The hymn stopped so we sat back down again. Members of R____ family were getting up and saying bits and pieces. She went on.


‘I kept my promise, but it was hard at the end. It is sad when you seen someone you care about breaking apart. That slow chipping away of the person you know, until all that is left is a dried chrysalis. The shell that represents us when nothing else is left. You catch glimpses of that person, when you look at a mirror when you are alone. When there is no one to stop you remonstrating with yourself. I remember her being the person all these people talk about. I remember her being stern, yet the only memory I can see, the only memory is those final few years. The broken years’


She paused. We were sat now and the droning voices of choked up people reverberated around the church. People at funerals always talk in a sturdy formal vernacular. I know it is sad, but no one really celebrates the people they loved lives. They just want a vent, something that lets them prove how much they loved the lost person. That they knew them in some intimate way that no one else did.  Clouds were moving past the stained glass windows like drunken sailors, all clattering, and inconsistent as the light shifted in the aisles, picking people out, plunging others into shadows. She continued


‘Its strange. The older you get, the less feedback you seem to get from your memory, and so you clutch to the idiosyncrasies you have because that is all you are. An accumulation of ticks and foibles. That is what my Gran did. She smelt of cherry drops because people told her they were her favourite, so she ate them all day every day. She stopped drinking coffee, not because she wanted to, she just forgot. Someone gave her an Earl Grey once as they had no coffee, and so she clasped it. A fresh memory, something that would define her.  She must of repeated it over and over in her mind, she only drank Earl Grey after that.’


People were standing, and being ushered out of the church. The organ was playing long, flabby notes that drowsily floated to the floor. We went outside, and the sky had clouded over a bit although it was punctuated with little flecks of blue. People had reverted to the low level murmur of a far away train. Hisses and tshks, hums and ahs. We walked over to a budding oak in the grounds. There was a scant glance between R____ and her mother and father.  Who seemed to nod at each other imperceptibly and then move on.

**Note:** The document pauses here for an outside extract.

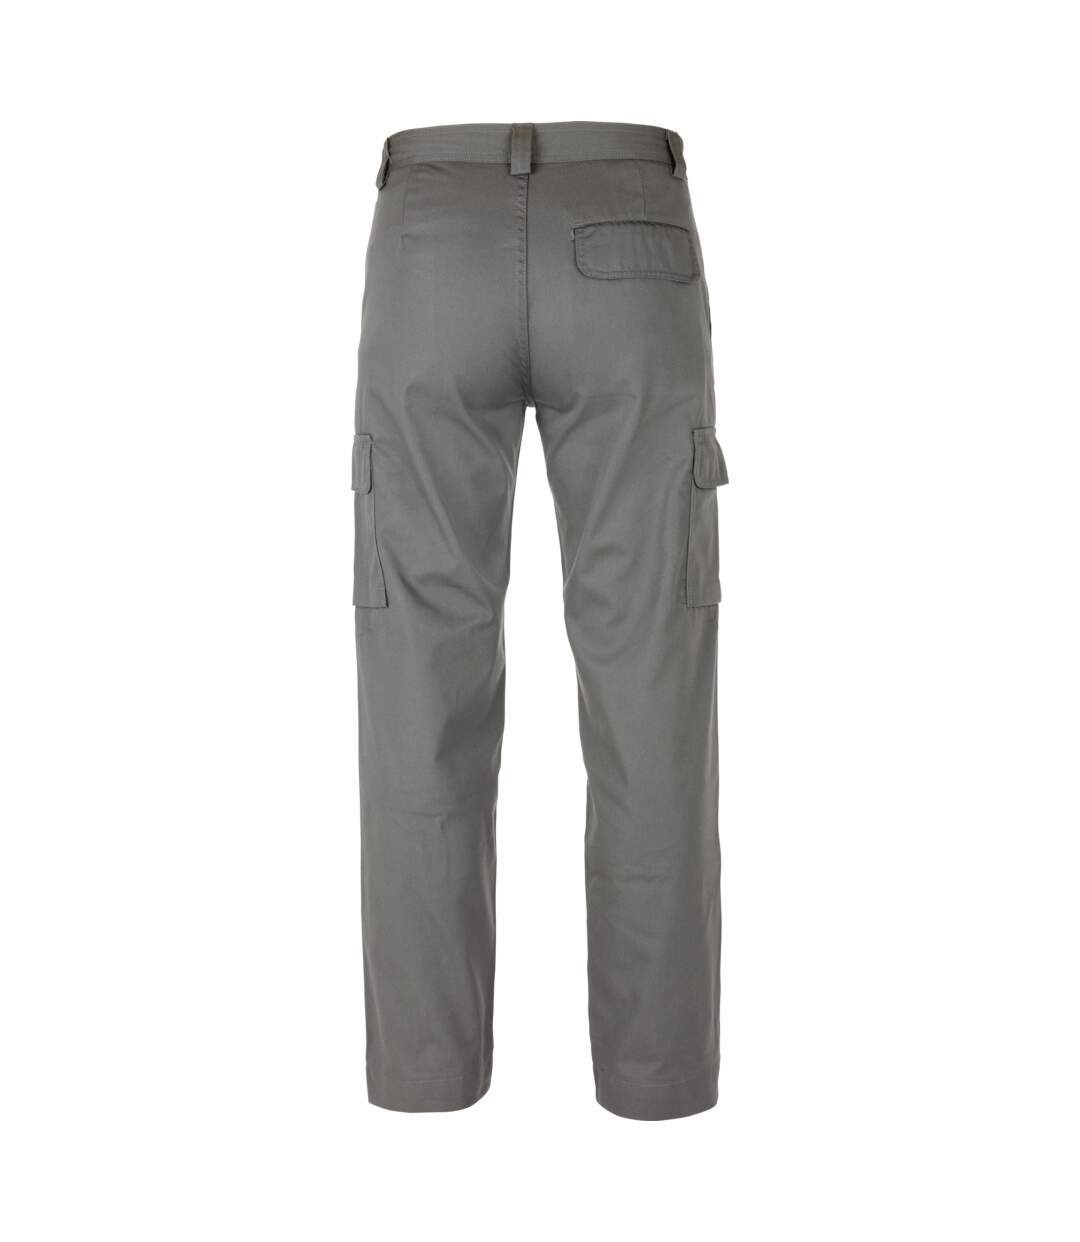 Pantalon de travail Classic Würth MODYF gris

‘I suppose over the course of your life you change so totally that you don’t know who you are anymore at the end. The cumulative weight of our lives caves into our brains. Life, and all those series of insignificant moments, are all you have. My Gran became the new curtains in the living room. She was moved to a home, and so she became a resident of that home. Nothing more. At the end all that was left for her was the taste of chocolate, probably her last memory, her last thought. And that happened in the morning, and she probably only vaguely had that.’


Someone was coming over. It was R____’s father. ‘R____, who is your friend?’


‘This is A____, a close friend of mine’


‘Mmmm, your mother asks if you are coming to the wake.’


‘No, I don’t think so.’


‘Ok.’ And with that her father left.


R____ continued, as if the last exchange didn’t happen.


‘Those little moments get quicker I imagine at the end.  A torrent you can’t swim in. It washes over you and your mind is taken from you. I wonder how much she knew at the end. Whether she could remember anything. Did her life flash before her, or did she just give in to the blackness? Did she feel sad that she couldn’t remember her life before? Or maybe she was glad? Glad it was all over.’


R____ stopped, and I knew instinctively that she wasn’t going to speak again for the rest of the day. I guessed the day must have been very hard. I was never going to press her regarding her family. Her relationship with them was hers, not mine. I realised she barely knew me as much as I didn’t know her. But now I did. Through her Gran I seemed to know her better than a million phone calls. I put my arm around her, and it didn’t hurt.